Beyond that, we've screwed the lawyers. For years, they've operated under the assumption the continued employment doctrine applied to afterthought covenants only. Now, they'll have to start calling their clients and tell them we've subtly shifted the law on them. Why doesn't anyone care about lawyers? I don't get this.
Perhaps I'm being too naive. The lawyers will find creative ways around today's ruling. They'll write non-compete agreements so that something else provides consideration beyond the inception of employment itself. Imagine all the self-serving consideration paragraphs we now have to analyze. So I guess consideration could be a signing bonus of $2,500 (which surely will be deducted from the employee's other forms of compensation), eligibility to receive a year-end bonus, or access to company confidential information. One lawyer already has suggested sufficient consideration might come from making the covenant inoperable in the event of a termination without cause. Desperation is the mother of all invention!

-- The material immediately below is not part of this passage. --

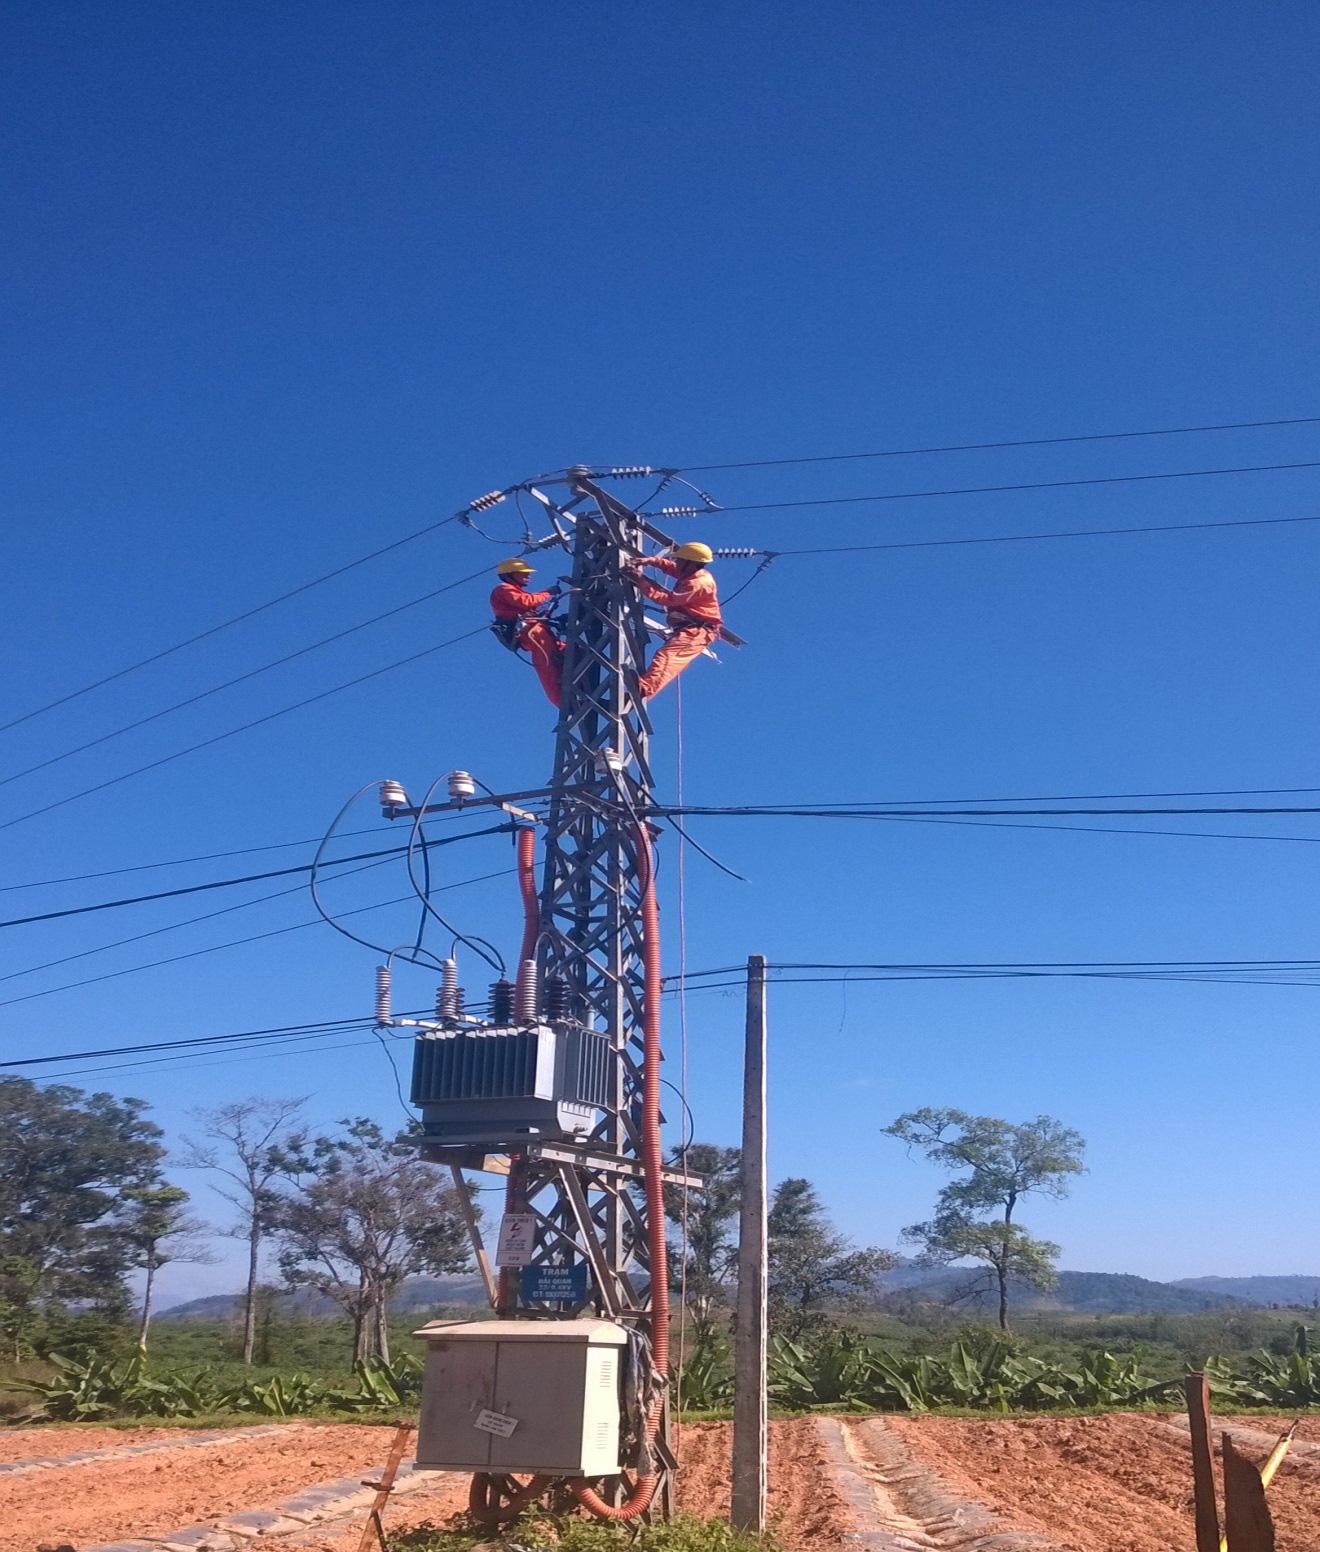 PC Gia Lai: Tự động hoá và kết nối SCADA lưới điện trung áp, nâng cao độ tin cậy cung cấp điện - Ảnh 1.

In sifting through this precedential mess and trying to make sense of where we're at now, I am reminded of a quote from one of the great American movies of my lifetime - Billy Madison - which somehow seems fitting here:
Mr. Madison, what you've just said is one of the most insanely idiotic things I have ever heard. At no point in your rambling, incoherent response were you even close to anything that could be considered a rational thought. Everyone in this room is now dumber for having listened to it. I award you no points, and may God have mercy on your soul.I would hold simply this: The continued employment doctrine only applies in the event of a covenant not to compete signed after the start of employment. And in all cases, the Court must consider the totality of the circumstances to determine whether continued employment provides sufficient consideration for an afterthought covenant, consistent with the general principles in Reliable Fire Equipment v. Arredondo. #CommonSense #JudicialRockStar #Pragmatist
I beg the lawyers for Premier Dealer Services to petition for rehearing on this issue. Or appeal to the Supreme Court of Illinois. I need a drink."